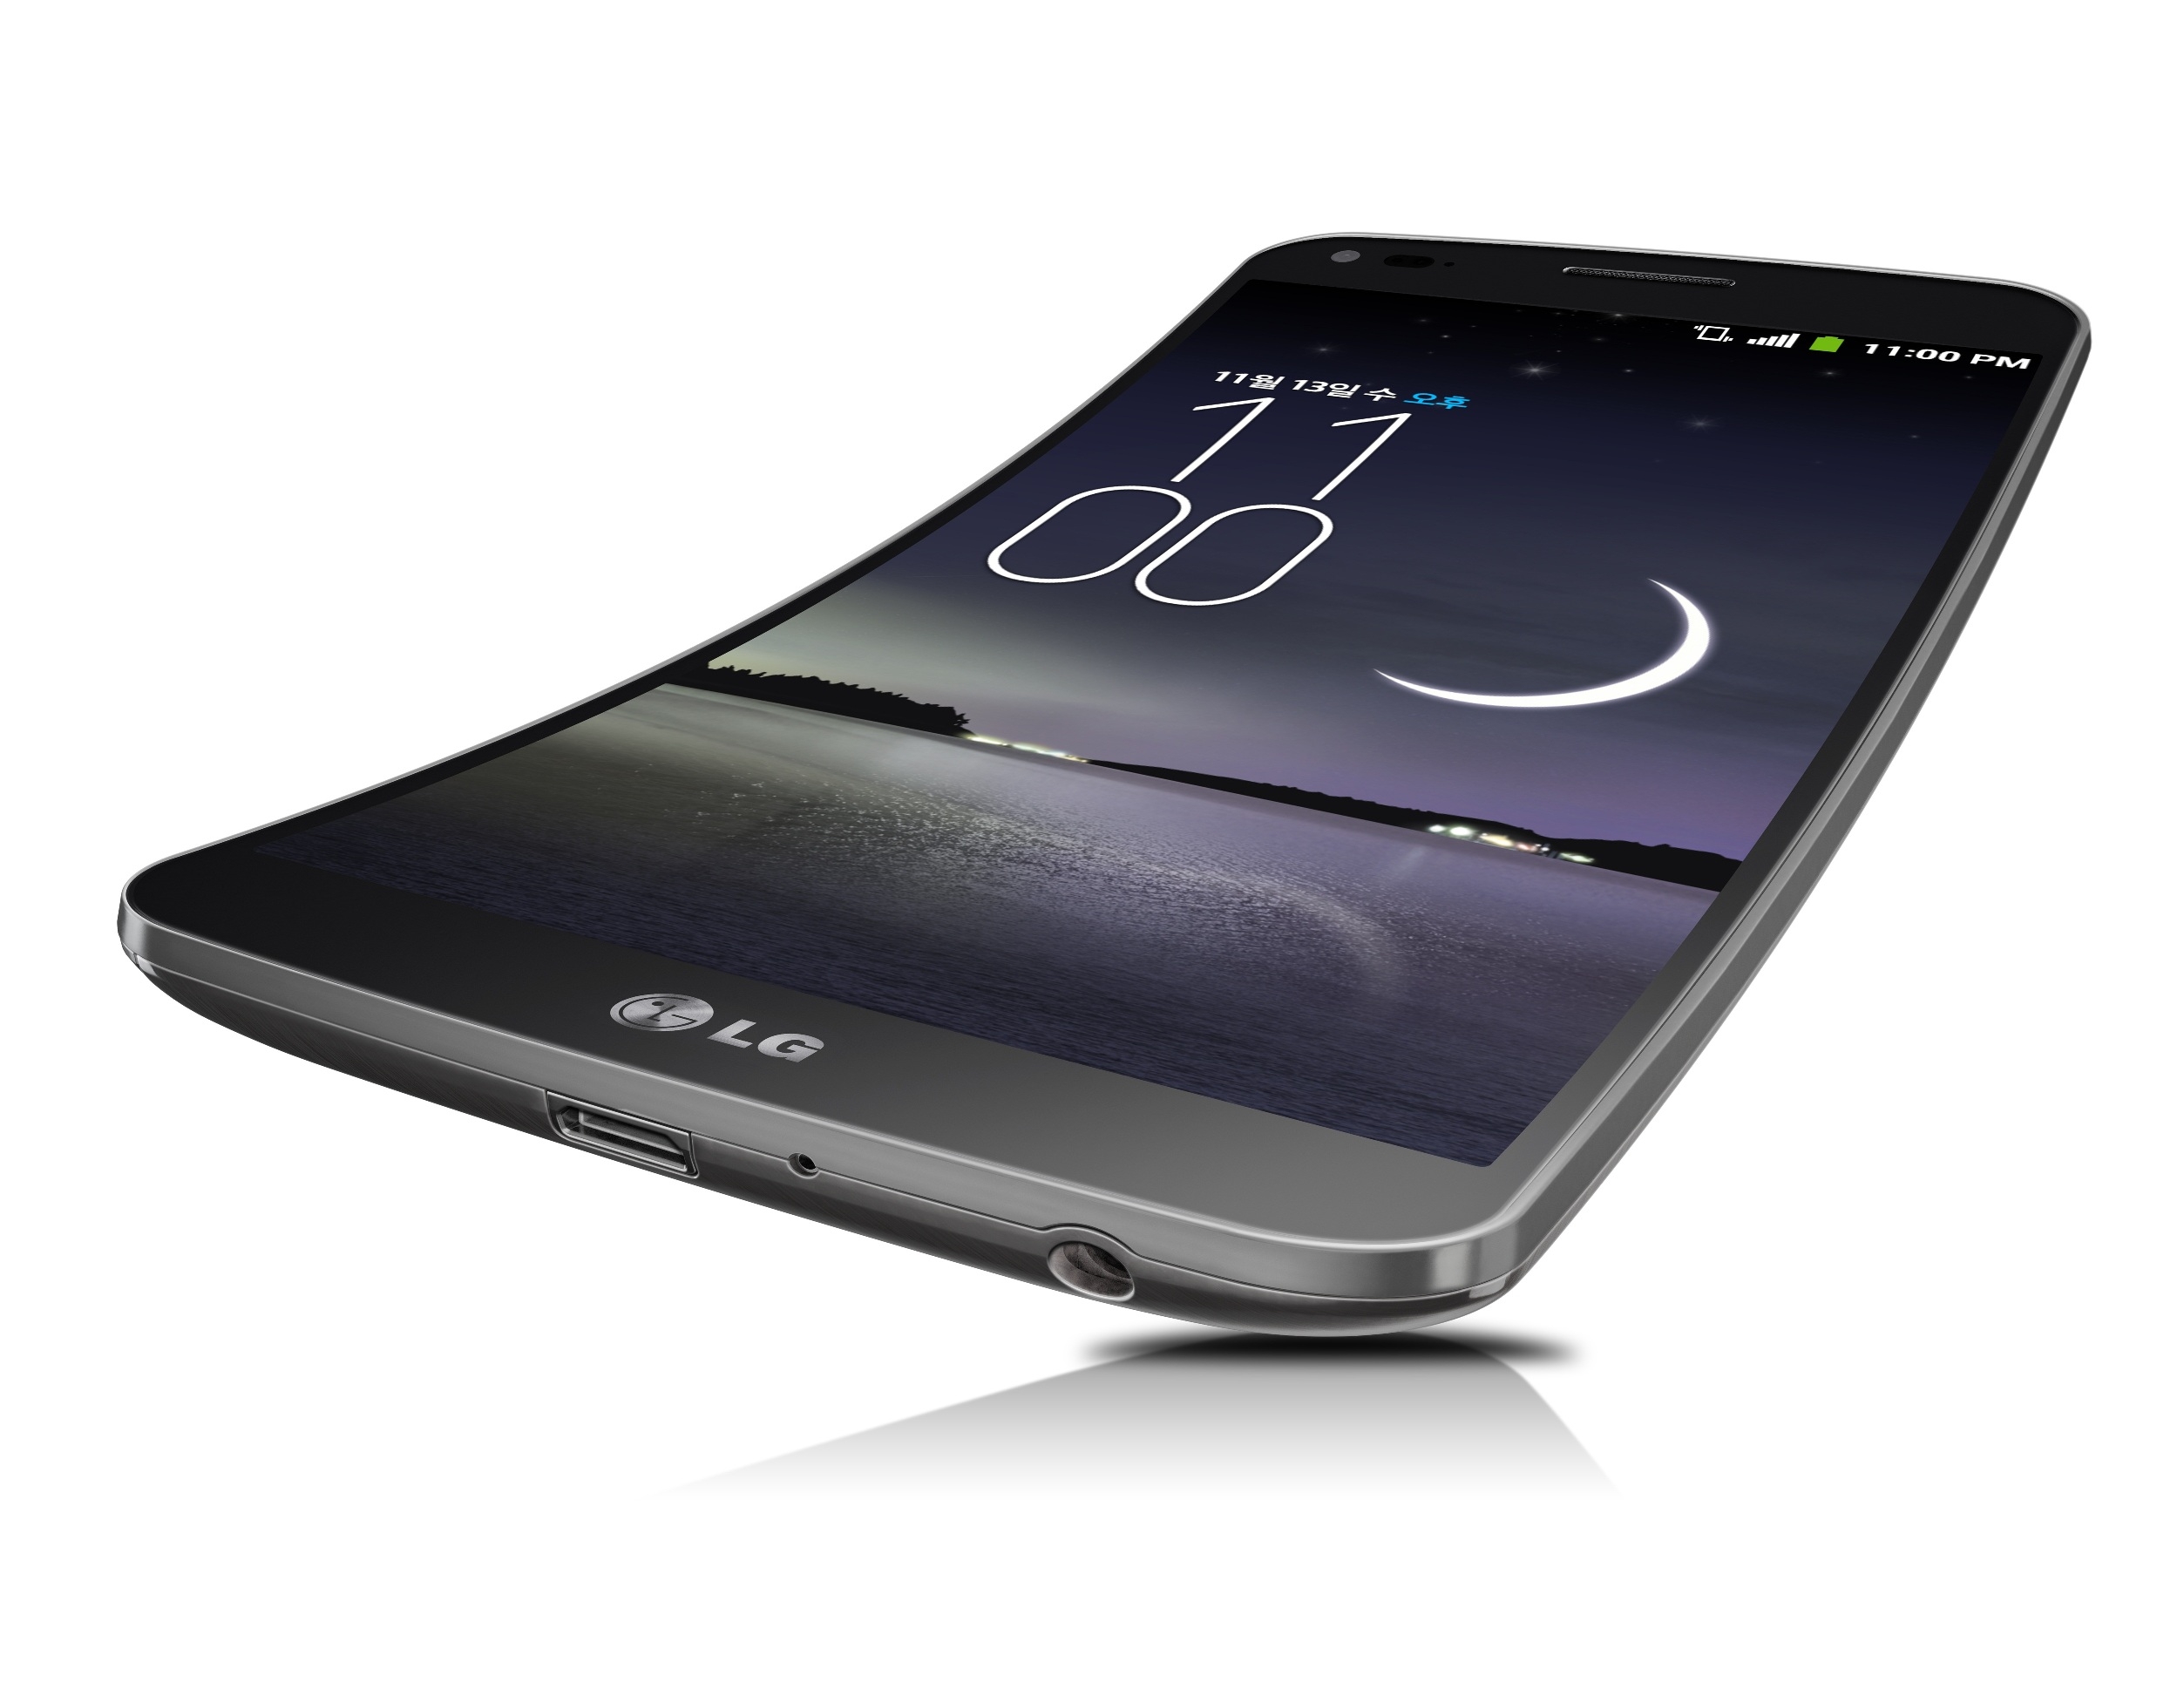 H LG επιχειρηματολογεί υπέρ των κάθετα καμπυλωτών smartphone με το G Flex
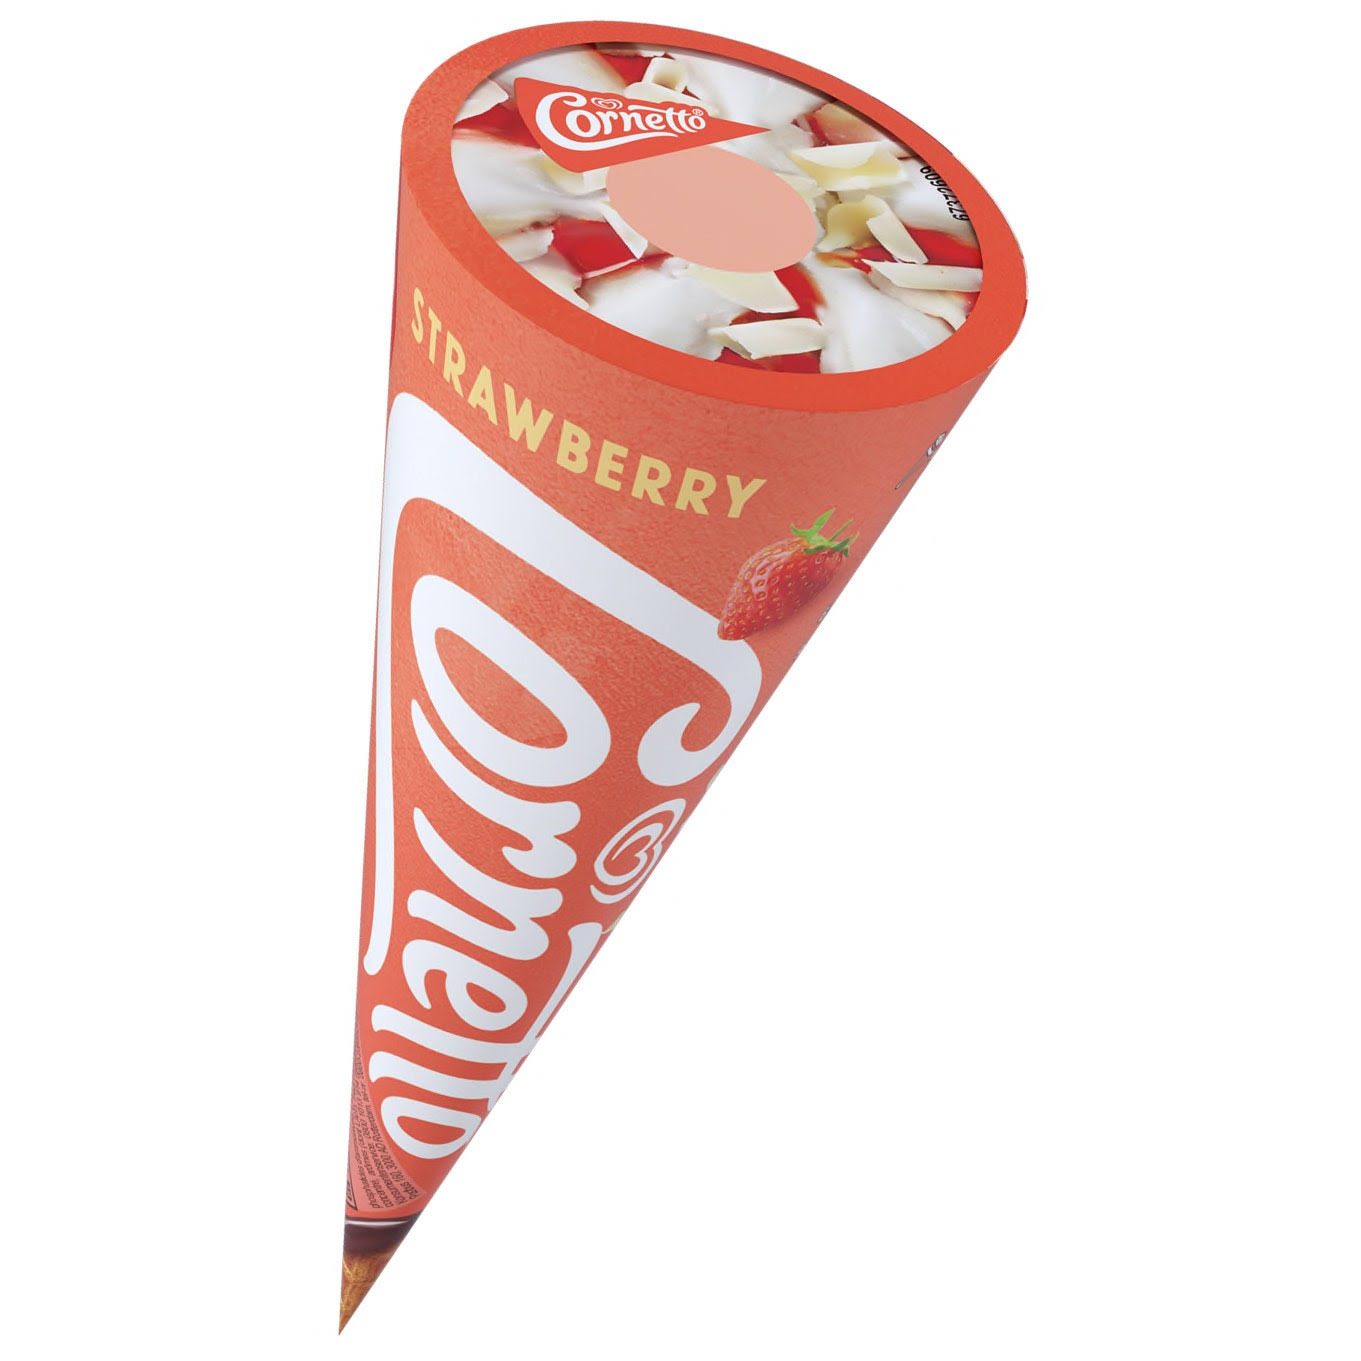 Cornetto Strawberry Ice Cream - 120ml
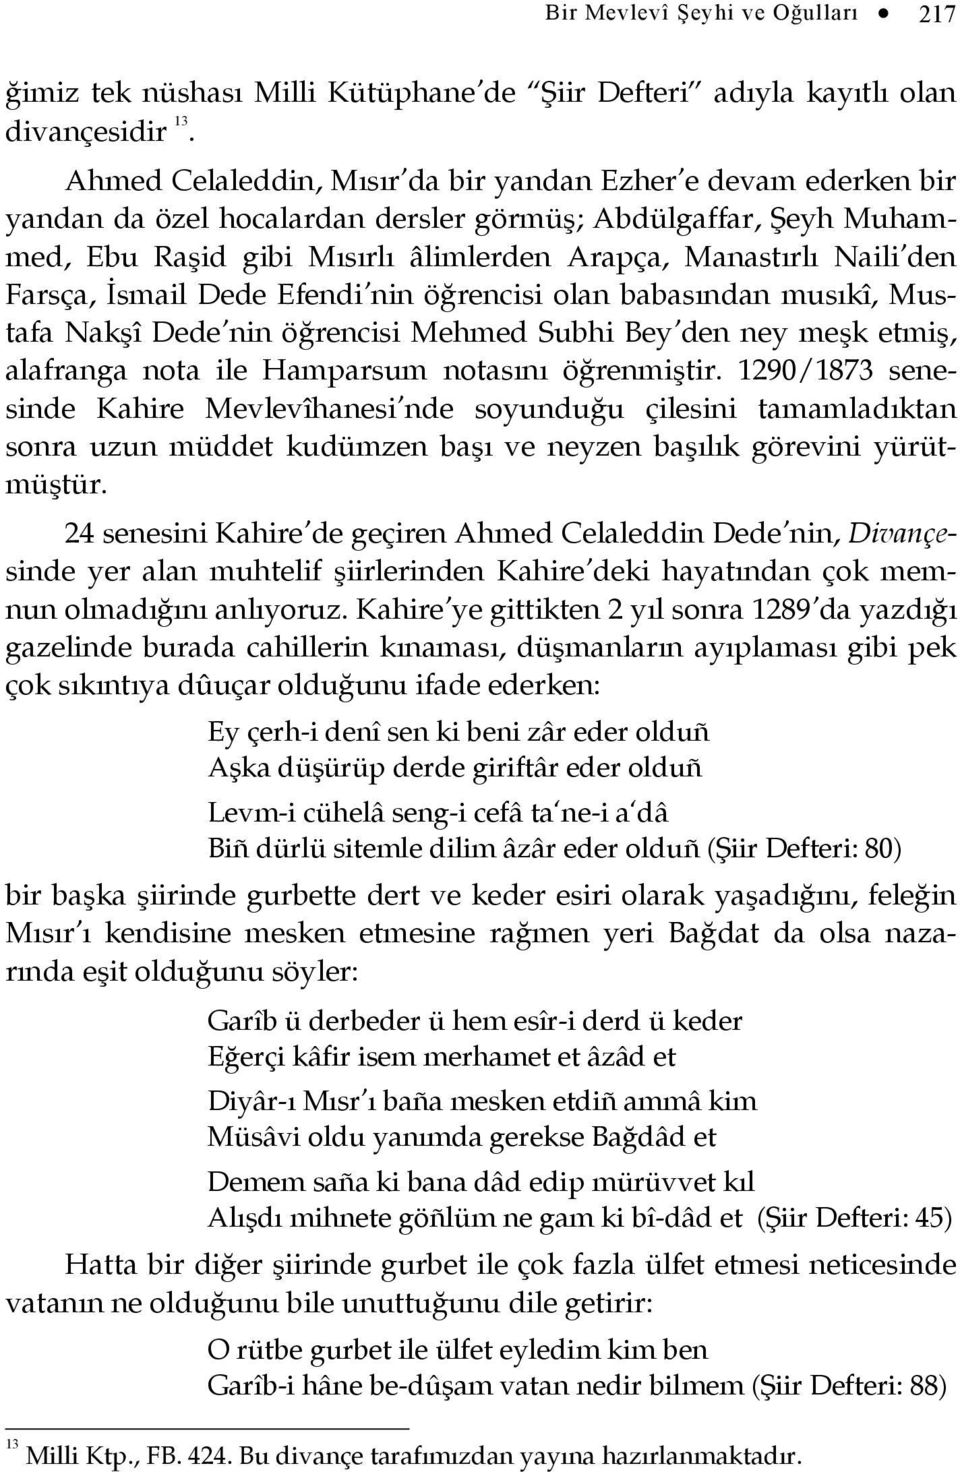 Farsça, İsmail Dede Efendi nin öğrencisi olan babasından musıkî, Mustafa Nakşî Dede nin öğrencisi Mehmed Subhi Bey den ney meşk etmiş, alafranga nota ile Hamparsum notasını öğrenmiştir.
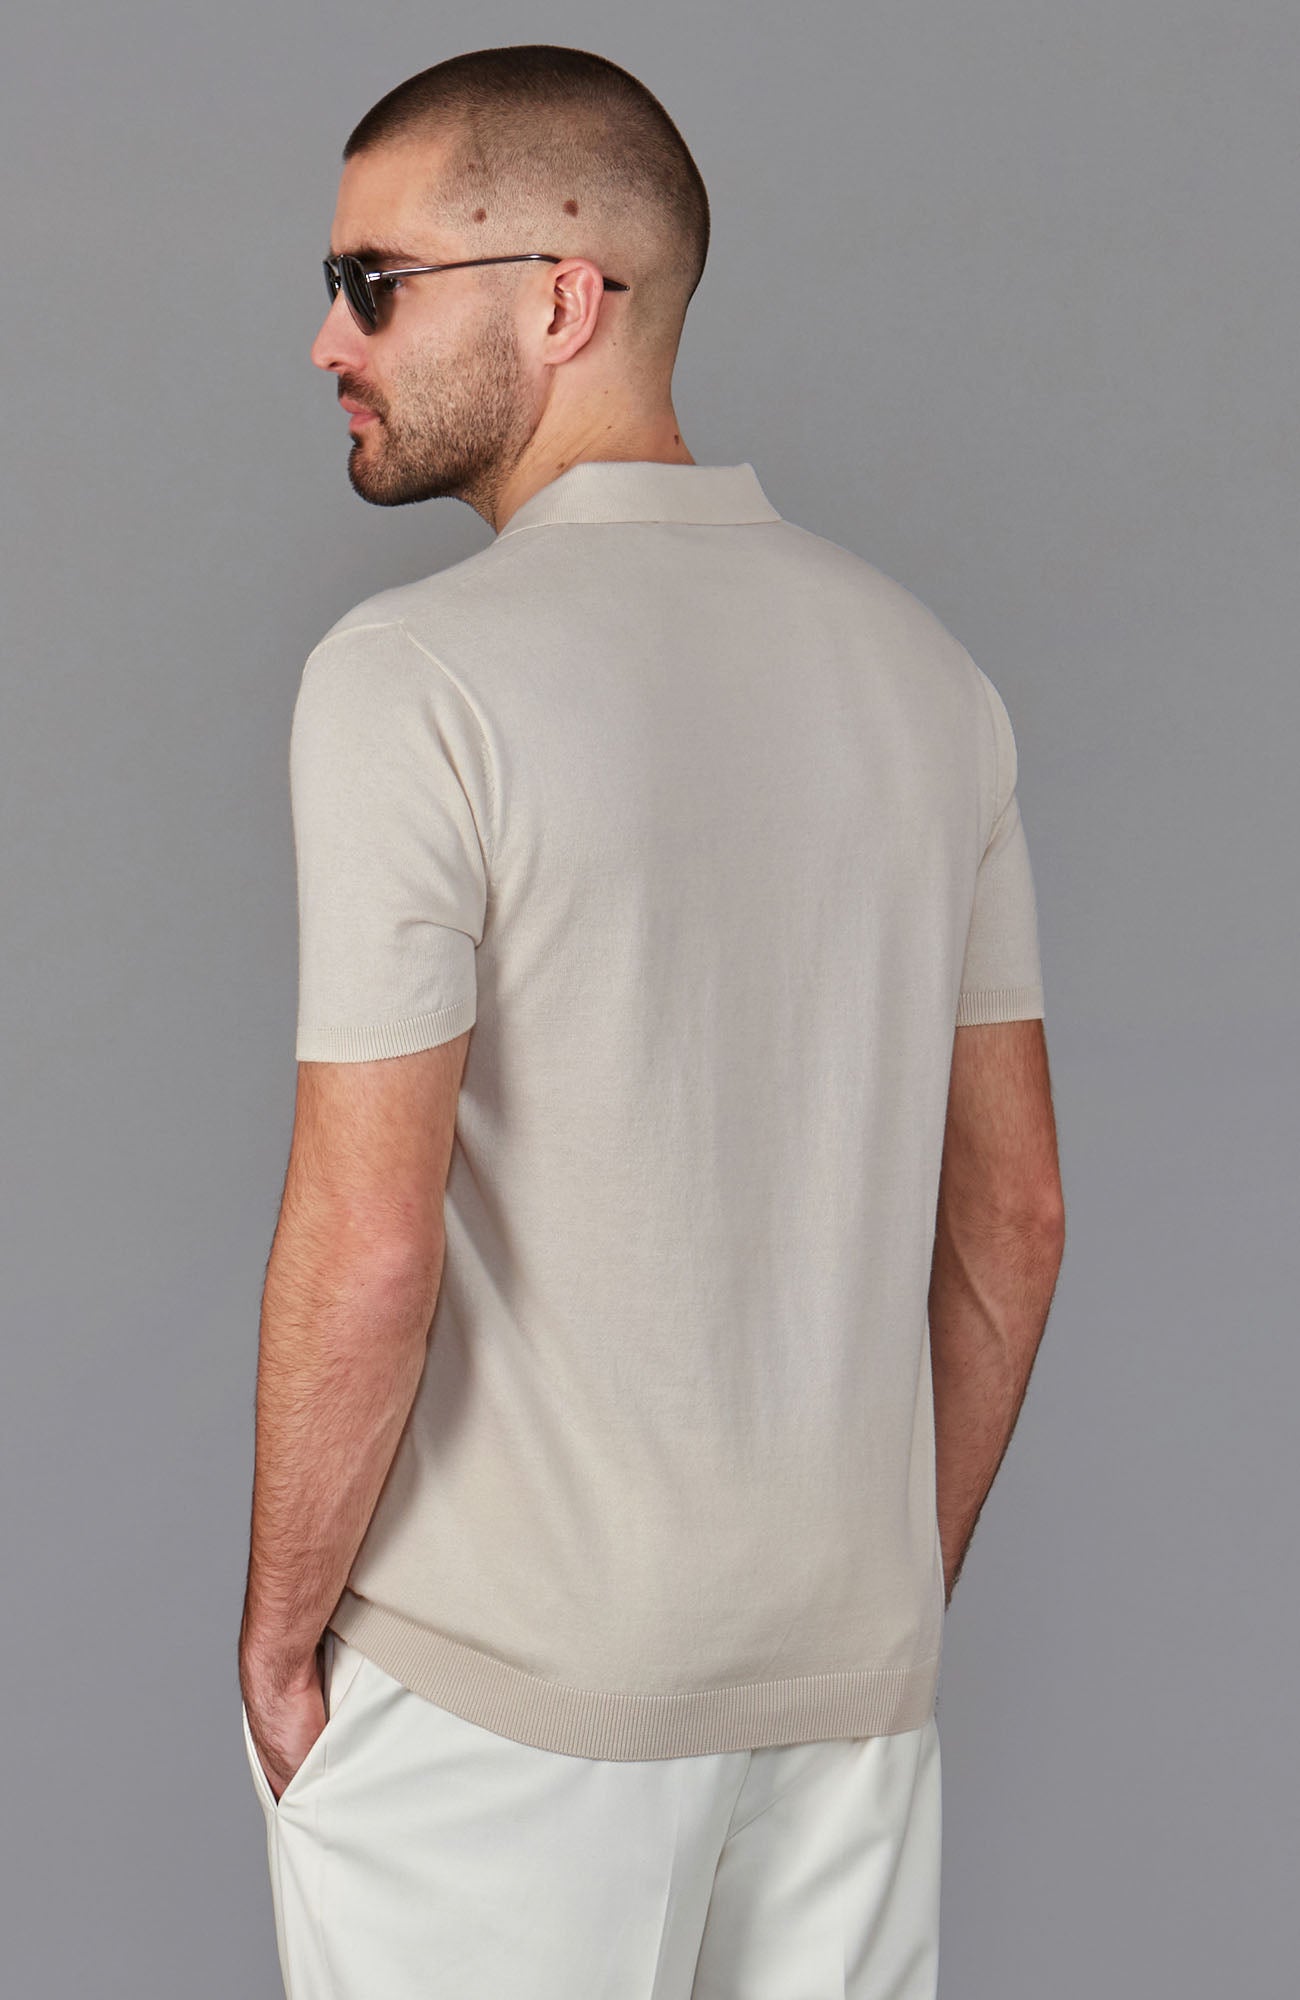 birch mens buttonless polo shirt

········

The answer should hold every line of the listing, copied exactly, with no pictures.

 H LG επιχειρηματολογεί υπέρ των κάθετα καμπυλωτών smartphone με το G Flex
 Cornetto Strawberry Ice Cream - 120ml
 Farsça, İsmail Dede Efendi nin öğrencisi olan babasından musıkî, Mustafa Nakşî Dede nin öğrencisi Mehmed Subhi Bey den ney meşk etmiş, alafranga nota ile Hamparsum notasını öğrenmiştir.
 birch mens buttonless polo shirt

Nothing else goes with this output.